Has anyone tried the Hyper Stick from Lake Fork tackle yet? I saw them on a fishing show over the weekend and was curious what everyone thought of the design, positive or negative.

https://www.lftlures.com/categories/soft-plastics-lft-hyper-stick-5


----------



## russ010 (Jan 18, 2011)

I saw the same show... I dunno about that. But I've got the Hyper Worm and have done pretty well with it.


----------



## Jim (Jan 21, 2011)

Never seen those before! I wonder how durable they are? You think they will rip apart easy?


----------



## LonLB (Jan 21, 2011)

Jim said:


> Never seen those before! I wonder how durable they are? You think they will rip apart easy?




That's what I thought too....Plastics get expensive enough as it is.

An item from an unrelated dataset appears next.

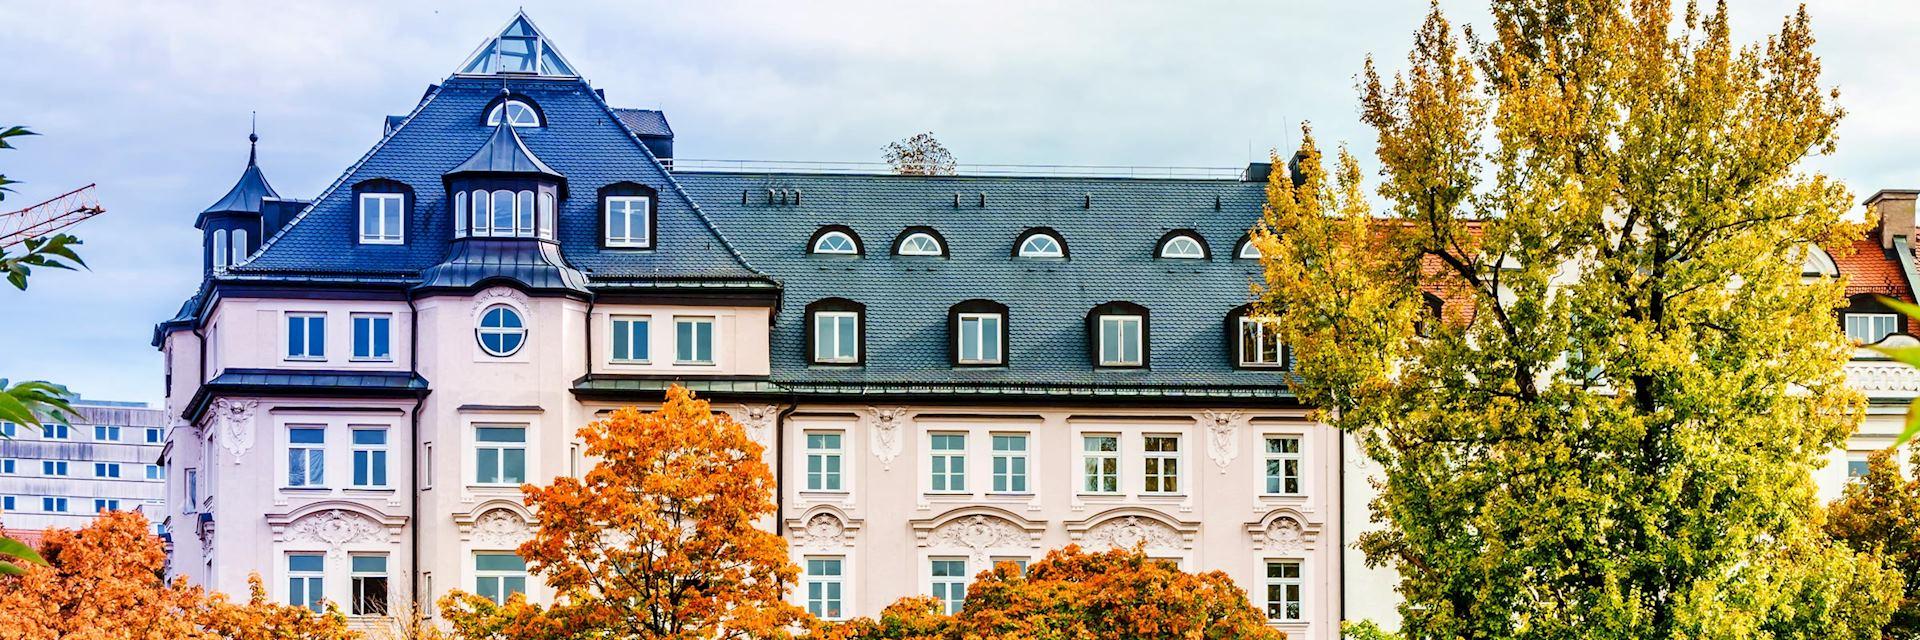 Residential building Munich

Maybe they are made of ElaZtec or something?


----------



## Captain Ahab (Jan 21, 2011)

The other Lake Fork plastics are relatively durable. I have used the Live Magic Shad and liked it so much I got a mold to make my own


----------



## Jim (Jan 21, 2011)

Captain Ahab said:


> I have used the Live Magic Shad and liked it so much I got a mold to make my own


 :-


----------



## dyeguy1212 (Jan 22, 2011)

I've never really been into those hybrid stick baits. If I want action, there are plenty of worms that fit the bill. But if I'm throwing a stick bait, I want it be a stick! :lol:


----------



## fender66 (Jan 28, 2011)

I love watching the creative ideas that companies are coming up with. Some are very cool, some......well.....

Before long, we won't need to tie the worm on our line. Just throw it in the water and it will retrieve itself back to the boat with a lunker. :LOL2:


----------



## russ010 (Jan 28, 2011)

fender66 said:


> I love watching the creative ideas that companies are coming up with. Some are very cool, some......well.....
> 
> Before long, we won't need to tie the worm on our line. Just throw it in the water and it will retrieve itself back to the boat with a lunker. :LOL2:



I think they will have a built in sonar that will allow them to swim to where the fish are and tick the fish off enough to where it bites


----------



## fender66 (Jan 28, 2011)

russ010 said:


> fender66 said:
> 
> 
> > I love watching the creative ideas that companies are coming up with. Some are very cool, some......well.....
> ...



Na na na na na.....you can't catch me.... :shock:


----------